Honestly... yeah, that's expected. Modern mobos have pretty good DACs in them these days. It's not possible for you to be getting the onboard output through an external DAC. That is how it sounds, and if there's a noticeable quality issue that is unchanging between the DACs you've used and the onboard, it's somewhere else in the chain. The DAC probably isn't your bottleneck.

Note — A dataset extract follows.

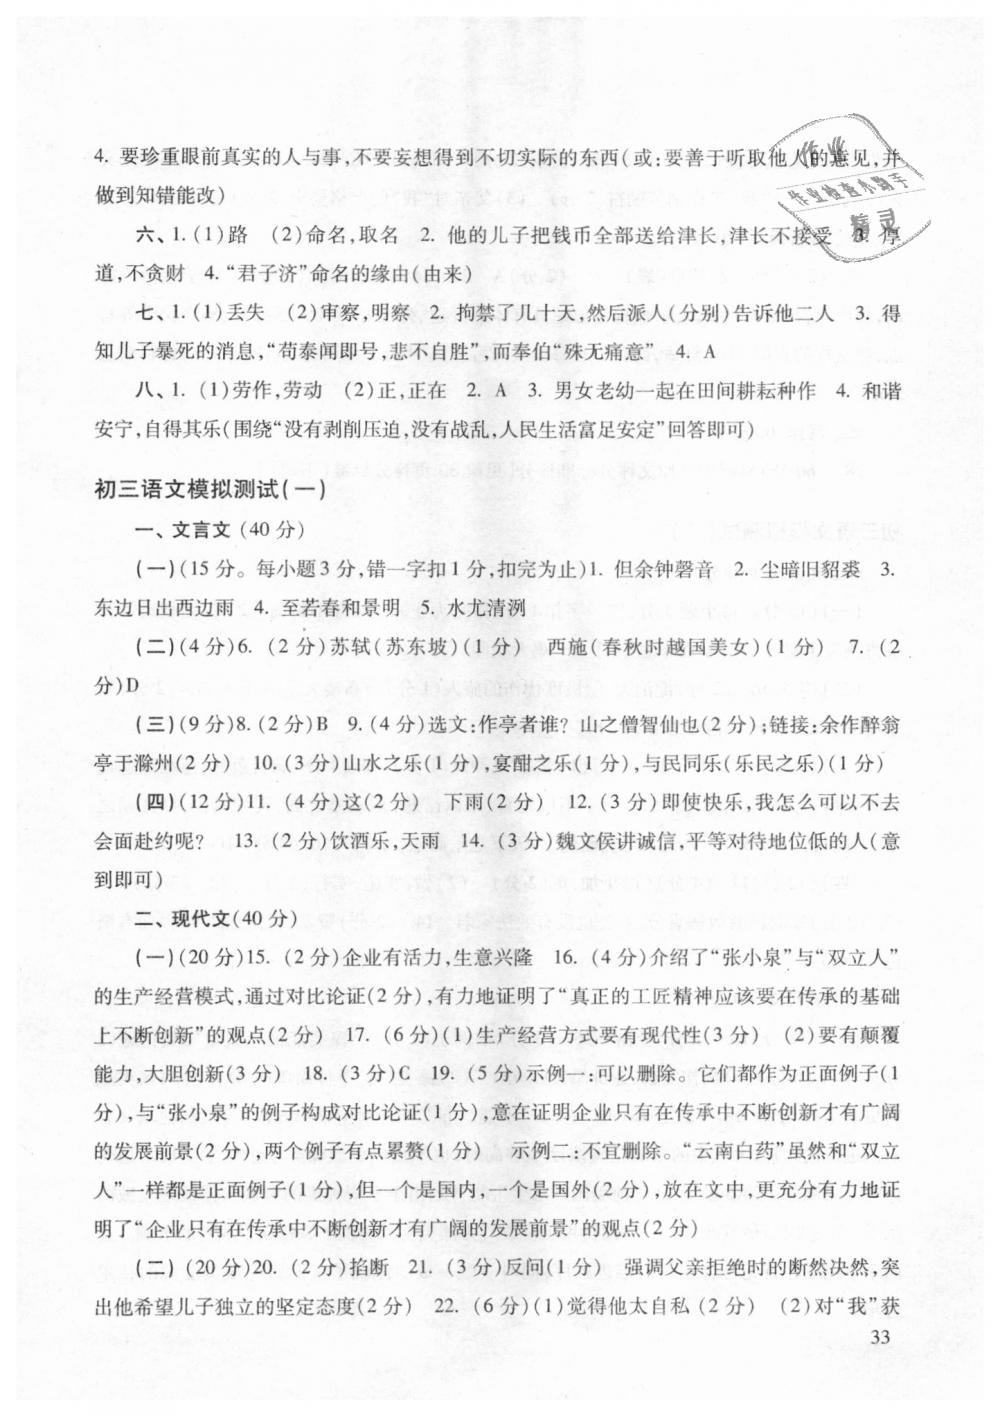 2018年中考文言诗文考试篇目点击九年级语文沪教版第33页

That would be my real question for you here. What issue lead to you getting the DAC? If the only problem is really just down to not noticing an increase in quality, then a DAC is never gonna be the answer. I'm not familiar with those speakers, but from what I see they're your standard powered nearfields with a nice bonus having the sub with the amp integrated in... a lot like some Polk bookshelf kits I've seen. Should be pretty good to go with that setup. All I can really say is that there are some pretty significant limits on what speakers in the class can really do. A lot of the time, with nearfields in this price range, the weakness is the amplification itself... not so much in terms of power, but in distortion. They aren't the cleanest things. Tend to be pretty spartan plate amps.

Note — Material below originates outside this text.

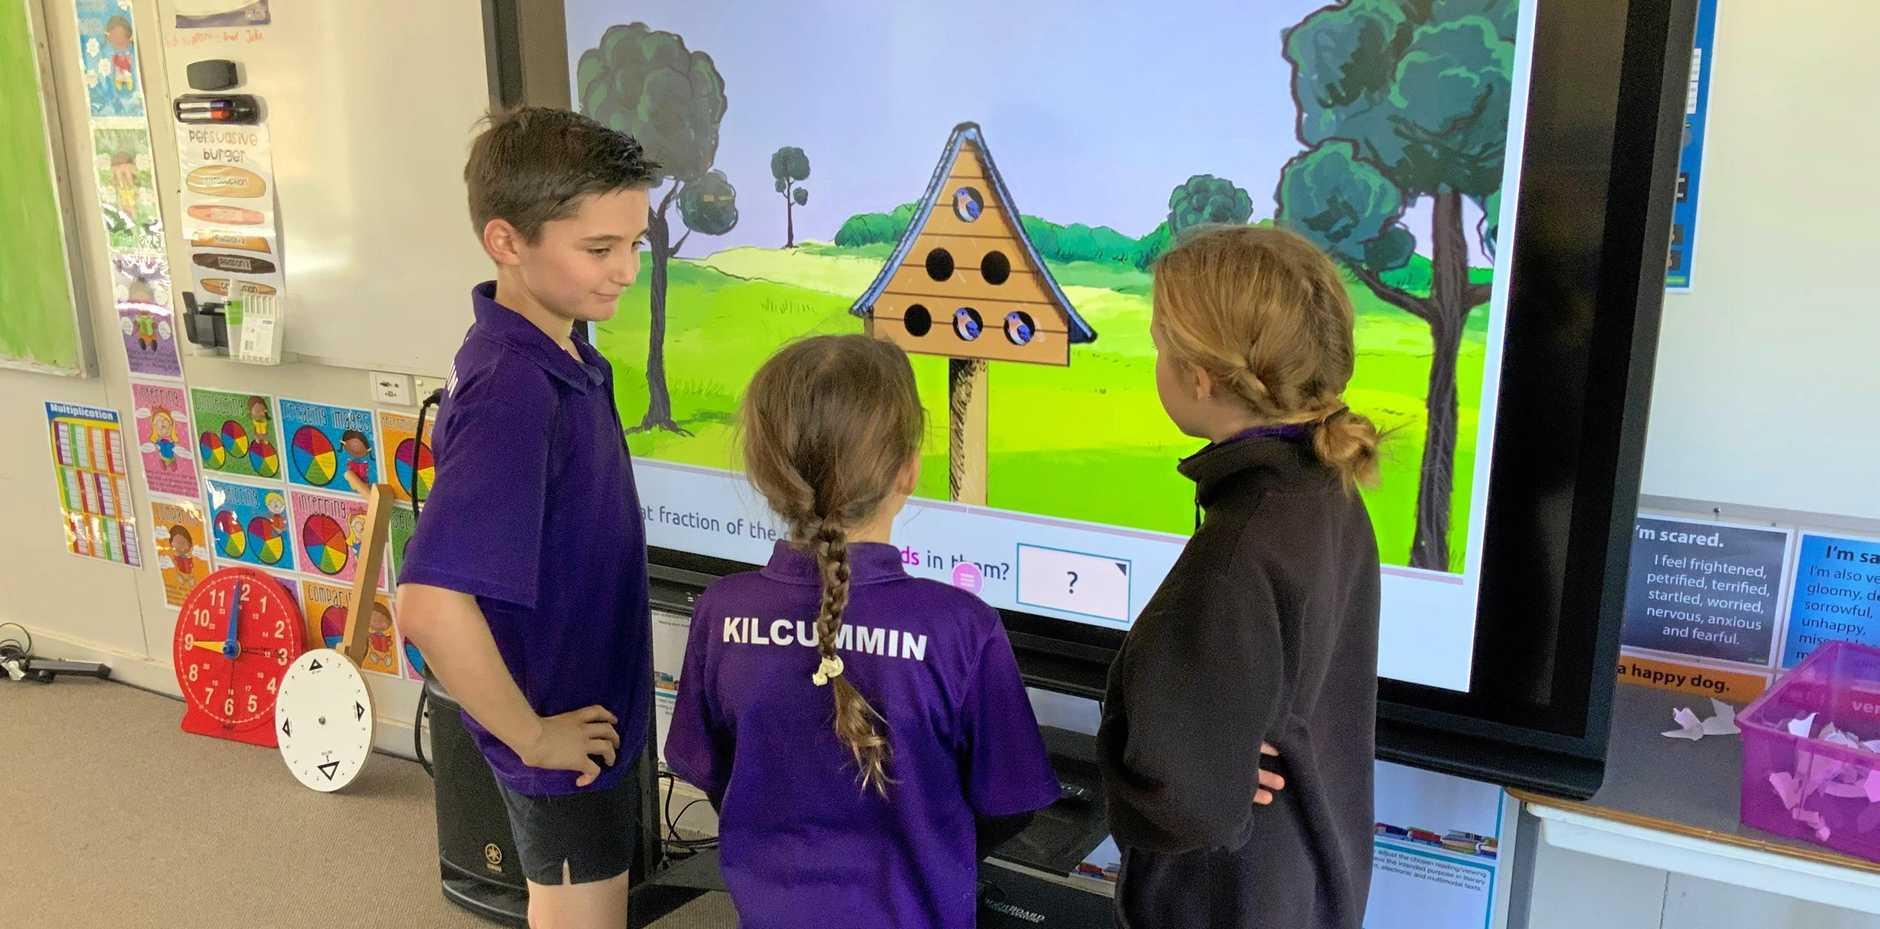 Kilcummin State School students work through Matific activities on an interactive whiteboard.

JBL puts some pretty serious design tech into even their lower-end speakers. They're one of the biggest brands in professional audio. The 3-series that everyone knows for the LSR305's even gets that fancy diffusion stuff that goes on their high-end demoing and mastering speakers. And it works. But the amps in those LSR's are TRASH. Seriously, they are basic in design and componentry, and measure horribly. And while they don't sound bad at all, there are limits to how loud they can go before that distortion catches up and has them getting harsh. And obviously they do not have the detail of real, high-end studio monitors. I have them, and for years I've thought they sounded great, but they do still leave a lot on the table.

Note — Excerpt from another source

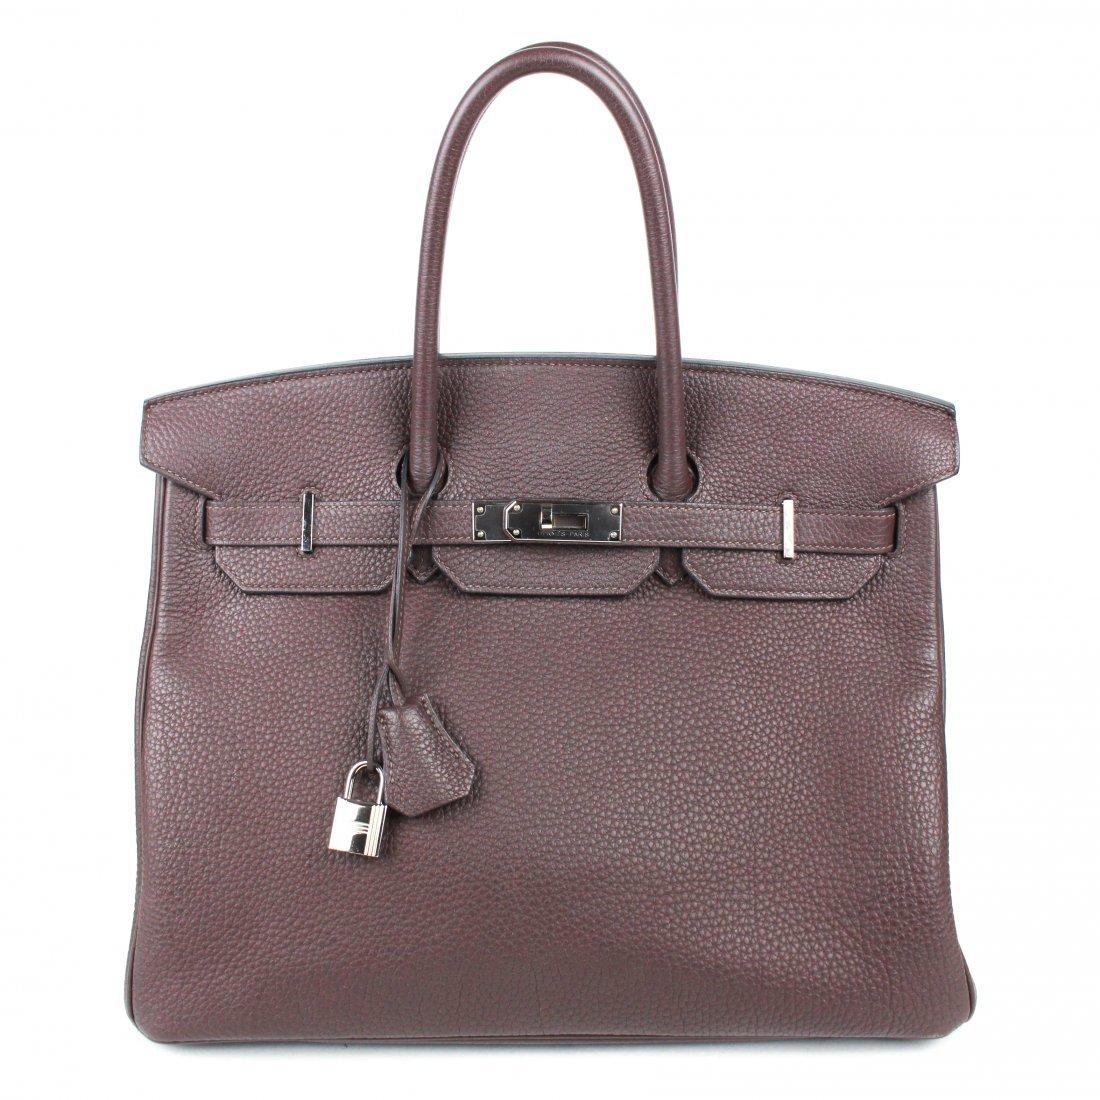 Hermes - 2018 Birkin 35 cm Bag - Brown Togo Leather -

So that's part of the game, too. At this price, or really any price... but especially this one, the main limiting factor in sound quality is in the speakers themselves. Outside of that, you might consider messing around with the placement - it really is a pretty big deal with this kind of speaker... especially being that they typically wind up in bedrooms... acoustically perilous places. A desk is also about the worst thing for good sound. But I bet you're using one. As am I. Simply by placing them on a desk, even on 'isolating' desk stands, you have compromised more of the sound than the cheapest working DAC you can buy right now would. The surface of the desk still bounces all of the sound coming straight out of the speakers. Dealing with reflections is the number one difference-maker with any speaker setup. Everything else outside of a suitably powered amp is just money you could've spent on better speakers.


----------



## eidairaman1 (May 11, 2022)

Only way to do better is to use a dedicated sound card with a 5.1+ sound system


----------



## Primordiarch (May 11, 2022)

chr0nos said:


> Is the input on those speakers digital or analog?.
> 
> If Digital there will be no change at all
> 
> And like @Mussels already told u the Creative SoundblasterX G6 is intended for headphone use


I have this cable connecting my speaker to SBX G6 but I don't know if this is analog or digital. 



Spoiler: This














Mussels said:


> those speakers are already amplified, why would you expect a large change?
> 
> 
> USB soundcards/DAC's are primarily about the quality of their headphone amplifiers


Because the reviews online are so hyped.


----------



## SpittinFax (May 11, 2022)

Best to use headphones and do an A-B test between onboard and the USB DAC. There should be an immediate difference regardless of software drivers and music file type. Personally I find it harder to discern differences of DACs with speakers, so maybe that's the reason.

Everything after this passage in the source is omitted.